結局その日は終電まで粘ったものの獲物は現れなかった。
翌日再トライをかけてみた。
するとどうだろう、今度は昨日までとは何か違う雰囲気を感じる。
異様な雰囲気の原因を探ろうと周りをチラ見してみると、何となく怪しい男を発見した。
この男、見た目は普通のサラリーマン風なのだが、何となく常人でない匂いを感じた。
むしろこれは俺と同等の変態の匂いだと俺は感じた。
そして、時は来た。
触ってきた。
艶かしく触ってきた、ケツを。
俺のケツを。男のケツを。
先月イボ痔を治したばかりの俺のケツを触られた瞬間、こんなに艶かしく触ってくるとは思わなかった俺は、突如ヤマジュンやTDNネタを思い出してしまい、本気で「うわぁっぱぁば!」という感じで叫んだ。
すると痴漢は、突如だみ声で奇声をあげた目の前の人間にかなり驚愕したらしく、「おういっ!?」と言って体ごと素早く手を引いた。
しかし俺の方がパニックに陥っていて、「俺、男なのにケツ触られた!すっごくエロく触られた!俺男なのに!俺男なのに!」とワーワー叫んでしまった。

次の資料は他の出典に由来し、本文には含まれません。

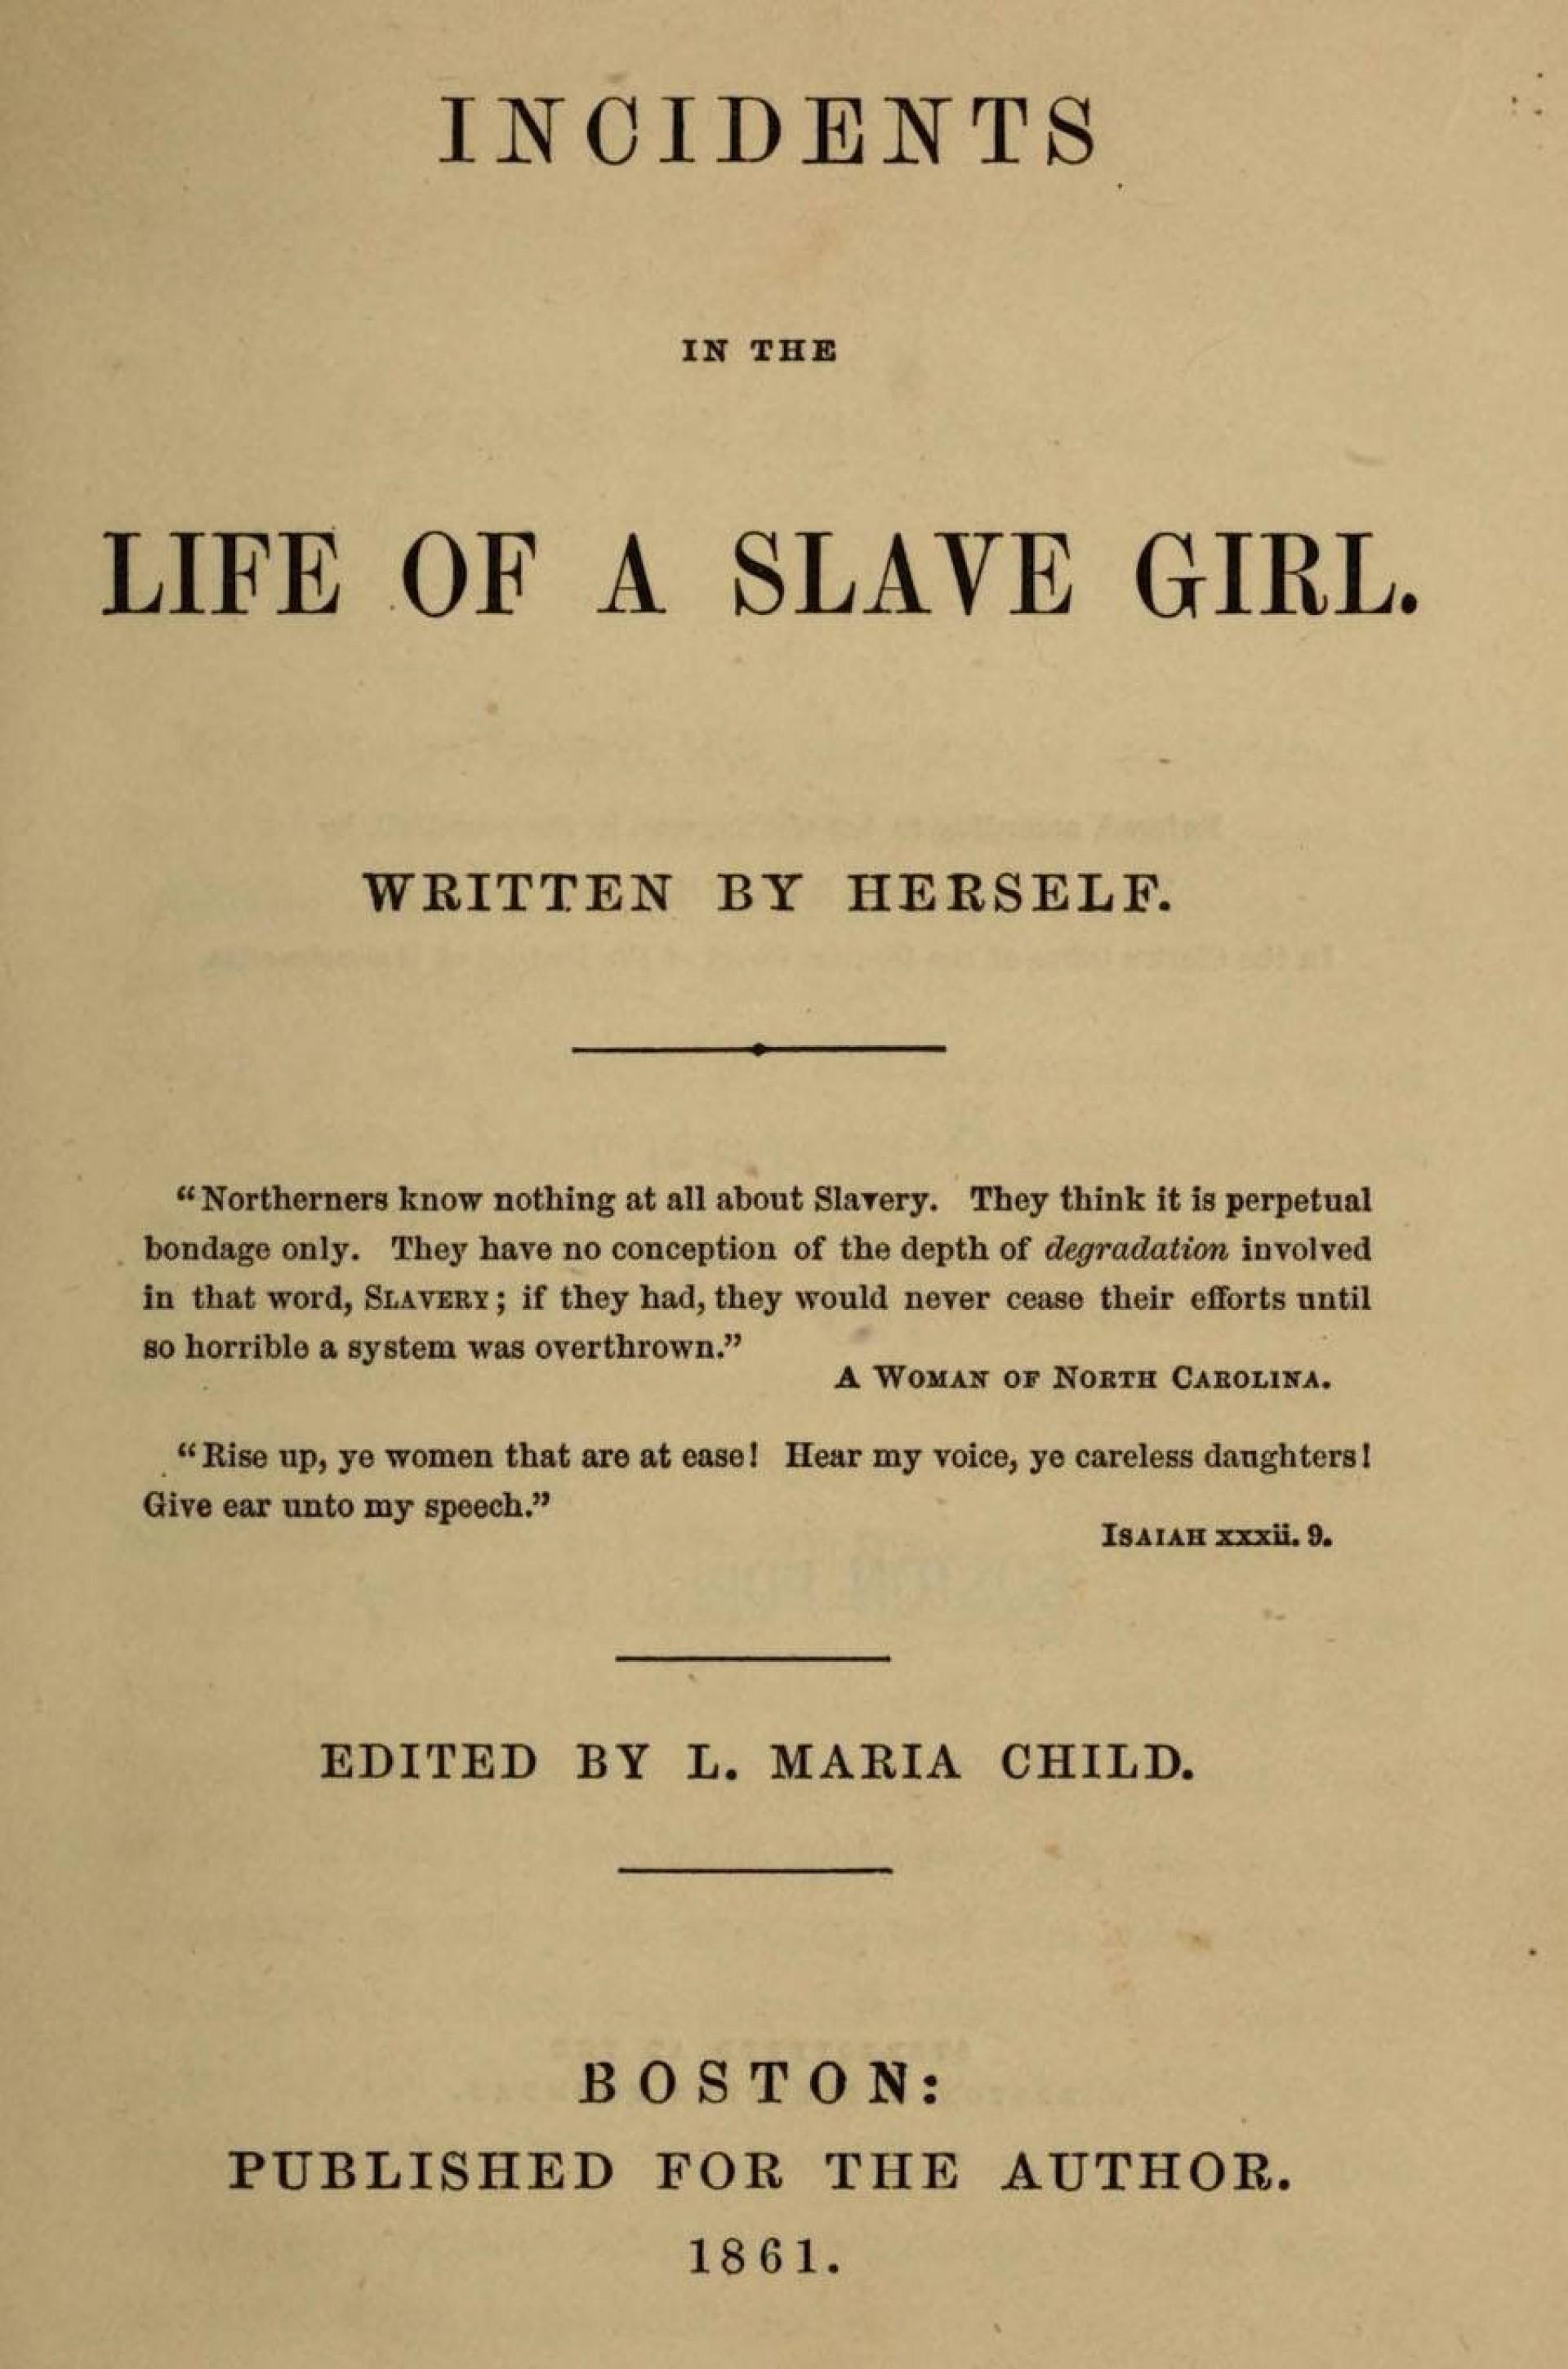 001 Harriet Jacobs Essay Example Black History Remarkable Vs Frederick Douglass Topics Analysis 1920

しかも相当パニクってた俺は更に「胸だって肉まんなのに!木村屋の冷凍肉まんなのに!」と言って肉まんを胸から取り出す始末。
車内の人全員が呆然としつつ、俺と男を見ていた。
俺と男も呆然としていた。
この間、ほんの数十秒ほどだったかも知れないが、この時はこれが数時間位に感じ取れた。
みんな呆然としてると電車が止まった。
そこで我に返った俺は一目散に電車から飛び出し、その勢いで駅から脇目も振らずに飛び出した。
そしたら走ってきたバイクに轢かれて気絶した。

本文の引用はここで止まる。